Morehouse School of Medicine President Valerie Montgomery Rice, M.D., said, “The HBCU School of Medicine has a longstanding commitment to developing medical professionals from diverse backgrounds who are dedicated to serving in these underserved areas. Given that, we are uniquely positioned to address this shortfall.” told CNN.

What is the solution?

Bernie Sanders.

Senator Bernie Sanders (Berney, Vermont) said at a news conference Wednesday. (Drew Angerer/Getty Images)

Sanders said more efforts are needed to build a high school-to-college pipeline and attract diverse candidates to medical jobs. But black doctors and black medical directors want to ensure that black medical professionals can succeed.

Many schools support a bipartisan congressional proposal to reduce the trainee shortage of 2023, which would increase Medicare-funded training quotas by 14,000 over seven years.
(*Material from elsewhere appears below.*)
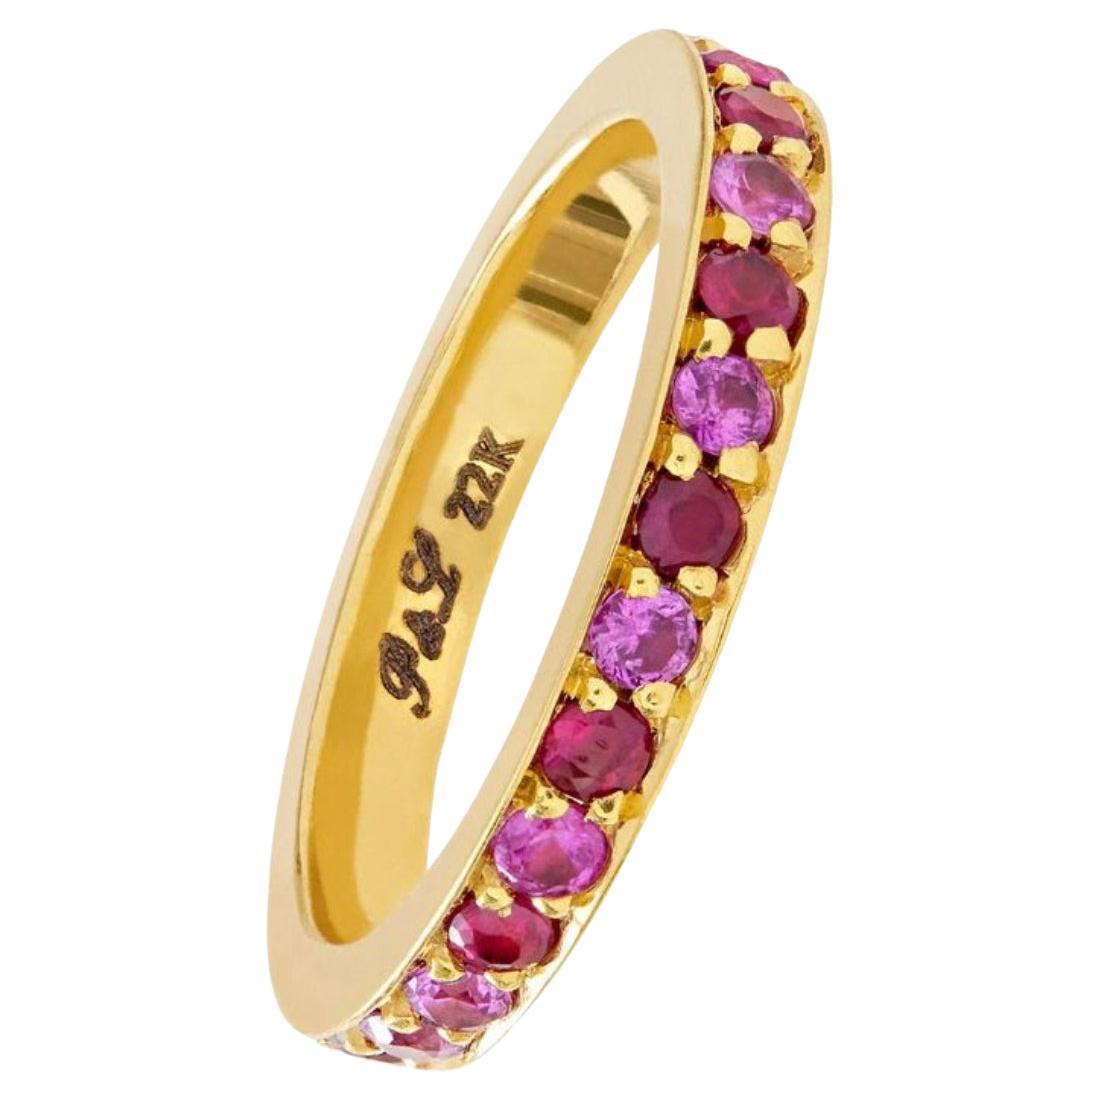 Paris & Lily, One-Of-A-Kind, Handmade, 22K Gold, Ruby and Pink Sapphire Band For Sale
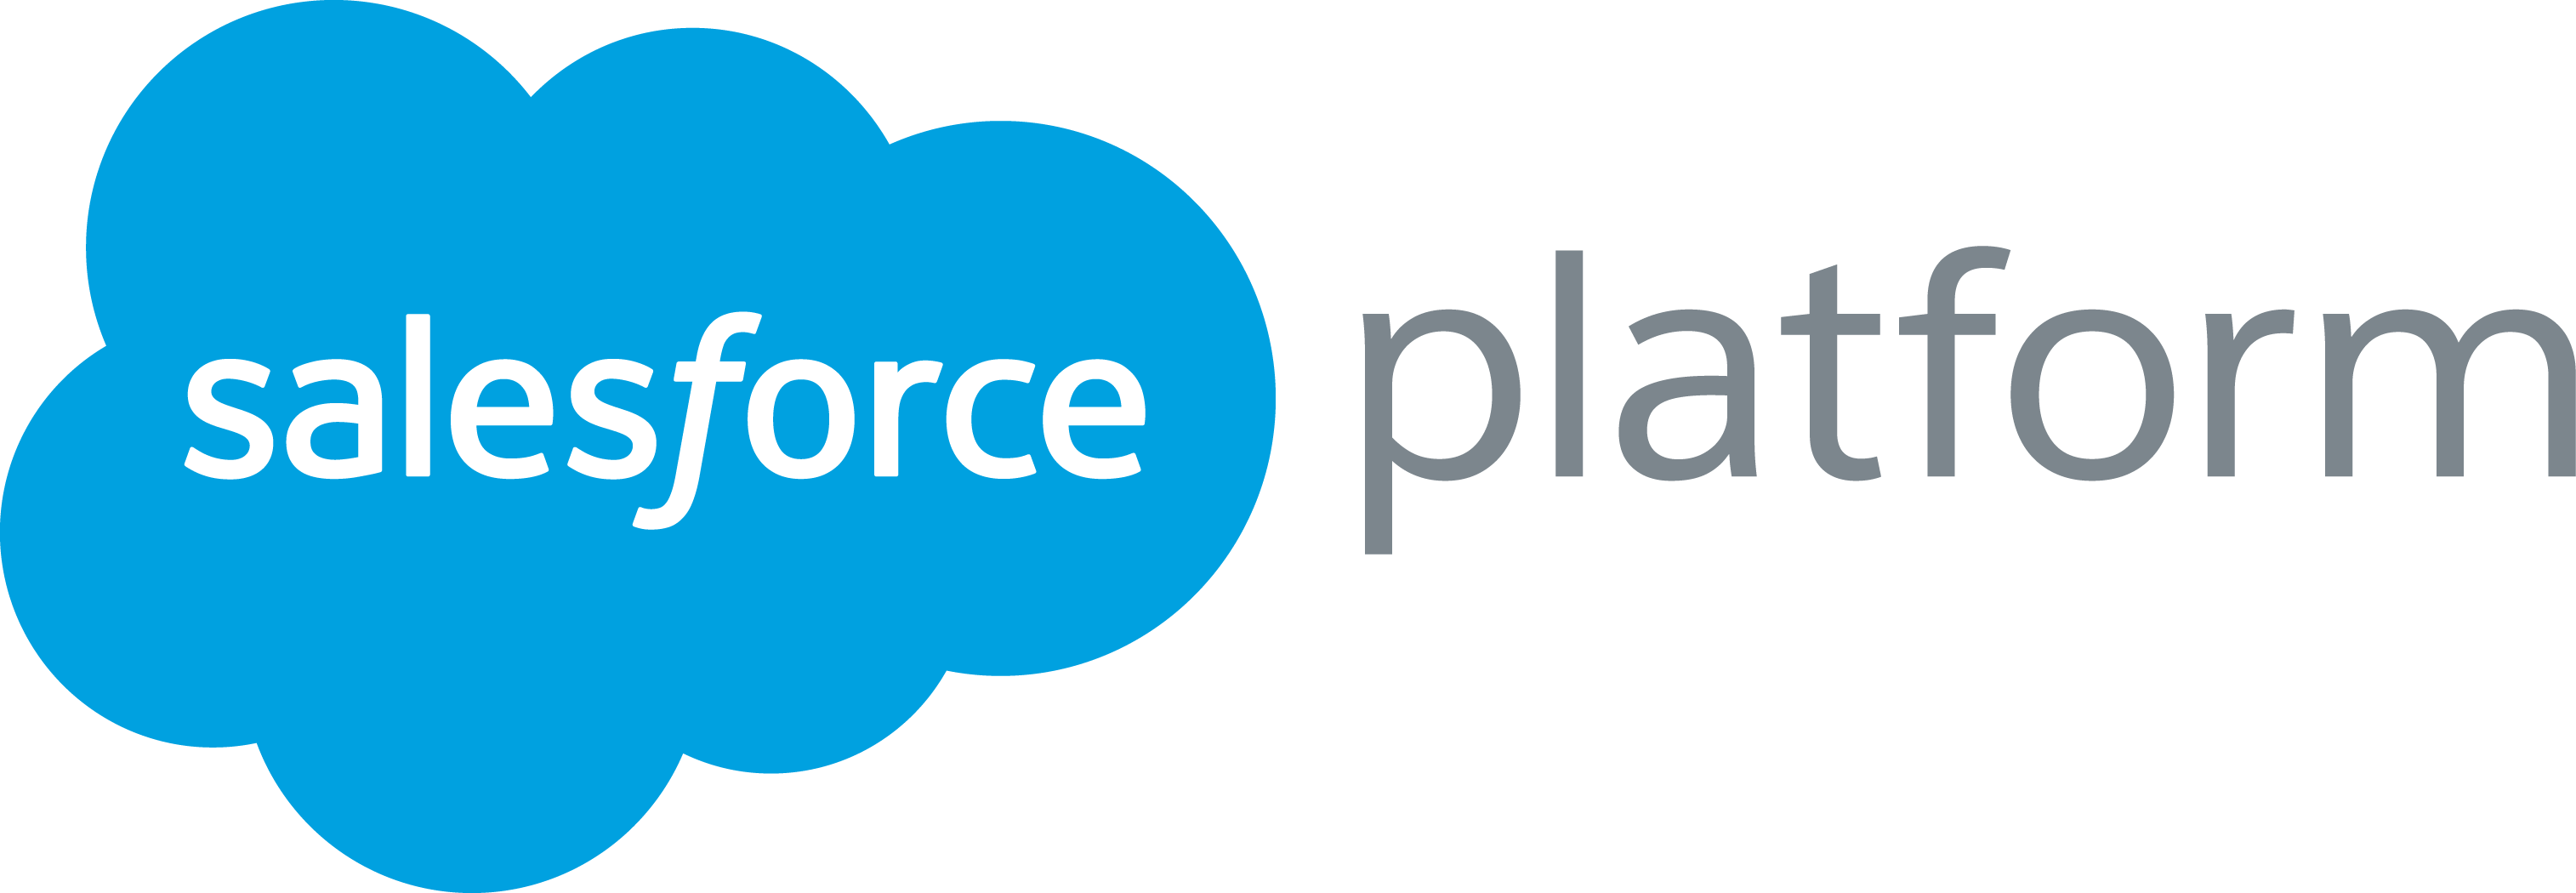 Salesforce: cloud giant grants users access to all data

School leaders support the plan.

Sanders has proposed canceling $1.6 trillion in student loan debt, which would “reduce the racial rich-poor gap among America’s young people by more than half” and help “those most in need of care.” Doctors and nurses will be able to work freely in areas where

Additionally, the Congressional Pathway to Practice proposal and the National Medical Service Act Scholarship Program will prioritize applications from HBCUs, Minority Assistance Institutions (MSI), and underserved communities. become.

AAMC also encourages increased federal investment in MSI to settle the medical community’s undervalued student debt and expand medical schools.

“But also more than 150 other medical schools, besides the four historically black medical schools, have a duty to the country to increase the diversity of the students they train,” Professor Rice stressed, noting that He stressed that it would help reduce inequalities in affected communities.

Medical experts also support efforts to reduce burnout, an issue that Congress hopes to address in a 2022 law aimed at improving mental and behavioral health.